** Data provided follows **

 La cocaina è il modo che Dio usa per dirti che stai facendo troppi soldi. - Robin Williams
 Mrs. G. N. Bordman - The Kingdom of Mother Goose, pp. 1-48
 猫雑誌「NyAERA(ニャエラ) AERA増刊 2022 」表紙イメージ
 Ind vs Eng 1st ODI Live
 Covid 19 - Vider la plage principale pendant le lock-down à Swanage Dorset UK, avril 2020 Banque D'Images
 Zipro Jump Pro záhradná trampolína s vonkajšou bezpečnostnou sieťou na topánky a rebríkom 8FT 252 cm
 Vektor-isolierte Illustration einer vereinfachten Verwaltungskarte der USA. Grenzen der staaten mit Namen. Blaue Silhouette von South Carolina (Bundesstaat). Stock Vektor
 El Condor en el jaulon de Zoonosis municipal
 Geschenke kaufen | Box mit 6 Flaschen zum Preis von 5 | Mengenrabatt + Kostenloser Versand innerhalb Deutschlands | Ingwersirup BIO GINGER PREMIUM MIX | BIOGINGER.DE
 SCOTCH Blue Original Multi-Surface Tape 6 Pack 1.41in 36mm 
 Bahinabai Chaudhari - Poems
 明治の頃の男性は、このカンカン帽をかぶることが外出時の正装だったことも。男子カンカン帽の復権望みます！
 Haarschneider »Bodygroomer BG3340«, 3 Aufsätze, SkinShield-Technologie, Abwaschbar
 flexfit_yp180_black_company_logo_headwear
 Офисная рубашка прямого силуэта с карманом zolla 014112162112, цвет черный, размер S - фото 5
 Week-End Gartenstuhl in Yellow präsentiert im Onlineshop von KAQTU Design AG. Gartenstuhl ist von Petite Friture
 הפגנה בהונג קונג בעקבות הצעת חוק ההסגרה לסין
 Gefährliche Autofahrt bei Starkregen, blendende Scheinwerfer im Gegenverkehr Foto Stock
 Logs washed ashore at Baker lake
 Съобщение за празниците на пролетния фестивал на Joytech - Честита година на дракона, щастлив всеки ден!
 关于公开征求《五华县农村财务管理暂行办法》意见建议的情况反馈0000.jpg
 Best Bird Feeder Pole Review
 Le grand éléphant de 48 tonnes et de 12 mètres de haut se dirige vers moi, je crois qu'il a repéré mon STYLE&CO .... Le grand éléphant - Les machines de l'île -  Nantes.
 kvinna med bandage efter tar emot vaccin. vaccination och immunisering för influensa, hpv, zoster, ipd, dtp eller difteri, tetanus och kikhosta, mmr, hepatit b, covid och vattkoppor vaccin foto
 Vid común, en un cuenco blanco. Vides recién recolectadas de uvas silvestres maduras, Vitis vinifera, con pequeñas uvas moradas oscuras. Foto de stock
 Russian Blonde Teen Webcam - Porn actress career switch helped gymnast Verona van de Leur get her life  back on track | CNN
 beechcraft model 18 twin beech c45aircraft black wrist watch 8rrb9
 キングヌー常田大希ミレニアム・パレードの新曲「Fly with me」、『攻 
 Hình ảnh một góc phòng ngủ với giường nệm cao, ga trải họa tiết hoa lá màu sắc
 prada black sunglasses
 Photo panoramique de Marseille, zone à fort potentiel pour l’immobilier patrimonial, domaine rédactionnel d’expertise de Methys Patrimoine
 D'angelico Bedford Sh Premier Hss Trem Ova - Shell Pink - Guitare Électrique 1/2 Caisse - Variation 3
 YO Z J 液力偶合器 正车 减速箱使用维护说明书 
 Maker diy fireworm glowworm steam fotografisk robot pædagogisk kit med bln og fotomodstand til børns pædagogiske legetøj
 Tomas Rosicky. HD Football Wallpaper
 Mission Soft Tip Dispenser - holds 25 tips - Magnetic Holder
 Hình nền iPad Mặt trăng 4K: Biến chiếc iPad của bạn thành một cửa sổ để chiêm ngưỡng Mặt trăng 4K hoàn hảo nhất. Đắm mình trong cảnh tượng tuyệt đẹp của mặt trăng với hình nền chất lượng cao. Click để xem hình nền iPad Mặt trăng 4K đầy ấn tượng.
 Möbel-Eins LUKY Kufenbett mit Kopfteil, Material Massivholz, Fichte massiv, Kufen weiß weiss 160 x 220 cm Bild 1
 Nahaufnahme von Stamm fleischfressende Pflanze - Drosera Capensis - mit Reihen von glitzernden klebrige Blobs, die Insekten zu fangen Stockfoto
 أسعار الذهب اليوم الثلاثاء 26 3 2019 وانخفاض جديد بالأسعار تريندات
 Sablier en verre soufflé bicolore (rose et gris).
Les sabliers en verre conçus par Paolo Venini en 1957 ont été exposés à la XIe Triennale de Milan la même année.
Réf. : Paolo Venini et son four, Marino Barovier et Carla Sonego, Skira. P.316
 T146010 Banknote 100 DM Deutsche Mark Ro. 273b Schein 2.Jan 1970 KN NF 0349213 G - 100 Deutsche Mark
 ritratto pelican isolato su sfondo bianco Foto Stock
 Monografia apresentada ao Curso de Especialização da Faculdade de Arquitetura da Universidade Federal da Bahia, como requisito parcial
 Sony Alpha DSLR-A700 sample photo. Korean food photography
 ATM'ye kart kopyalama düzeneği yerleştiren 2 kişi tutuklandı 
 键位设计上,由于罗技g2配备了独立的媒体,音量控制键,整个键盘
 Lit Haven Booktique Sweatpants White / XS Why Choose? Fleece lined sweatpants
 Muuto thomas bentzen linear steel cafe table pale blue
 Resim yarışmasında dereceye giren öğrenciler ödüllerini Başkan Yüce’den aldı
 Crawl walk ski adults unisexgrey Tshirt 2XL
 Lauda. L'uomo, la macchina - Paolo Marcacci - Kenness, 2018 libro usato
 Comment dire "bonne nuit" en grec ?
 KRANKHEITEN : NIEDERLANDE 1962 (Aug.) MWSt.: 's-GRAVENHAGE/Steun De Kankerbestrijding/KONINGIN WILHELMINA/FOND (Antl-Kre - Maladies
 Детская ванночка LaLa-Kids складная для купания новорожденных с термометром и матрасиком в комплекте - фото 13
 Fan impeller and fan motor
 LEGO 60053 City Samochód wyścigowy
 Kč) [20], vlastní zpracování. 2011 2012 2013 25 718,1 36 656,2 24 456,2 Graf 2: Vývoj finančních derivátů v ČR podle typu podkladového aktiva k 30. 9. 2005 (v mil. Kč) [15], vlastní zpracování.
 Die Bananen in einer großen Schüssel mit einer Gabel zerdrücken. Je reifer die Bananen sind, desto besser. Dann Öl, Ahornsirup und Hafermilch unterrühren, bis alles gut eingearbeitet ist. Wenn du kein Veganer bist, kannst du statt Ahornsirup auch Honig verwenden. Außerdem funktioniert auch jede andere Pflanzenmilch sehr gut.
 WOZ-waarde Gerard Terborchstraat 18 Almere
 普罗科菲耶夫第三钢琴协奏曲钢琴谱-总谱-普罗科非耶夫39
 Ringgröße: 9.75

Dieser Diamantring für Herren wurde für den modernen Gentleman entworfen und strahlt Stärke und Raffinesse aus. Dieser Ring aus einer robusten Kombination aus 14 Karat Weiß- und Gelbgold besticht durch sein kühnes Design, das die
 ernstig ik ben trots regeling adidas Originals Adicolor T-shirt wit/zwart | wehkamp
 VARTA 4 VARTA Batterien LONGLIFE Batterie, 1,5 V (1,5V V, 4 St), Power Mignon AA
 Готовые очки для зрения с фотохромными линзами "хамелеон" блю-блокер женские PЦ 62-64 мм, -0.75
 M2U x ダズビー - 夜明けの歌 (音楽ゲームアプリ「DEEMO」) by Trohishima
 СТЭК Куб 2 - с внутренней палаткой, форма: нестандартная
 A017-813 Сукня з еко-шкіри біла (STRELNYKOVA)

** End of Data provided **

Work to be completed ▸ Your answer should consist of copies of the lines above that include the string "Hình".

Written solution ▸
 Hình ảnh một góc phòng ngủ với giường nệm cao, ga trải họa tiết hoa lá màu sắc
 Hình nền iPad Mặt trăng 4K: Biến chiếc iPad của bạn thành một cửa sổ để chiêm ngưỡng Mặt trăng 4K hoàn hảo nhất. Đắm mình trong cảnh tượng tuyệt đẹp của mặt trăng với hình nền chất lượng cao. Click để xem hình nền iPad Mặt trăng 4K đầy ấn tượng.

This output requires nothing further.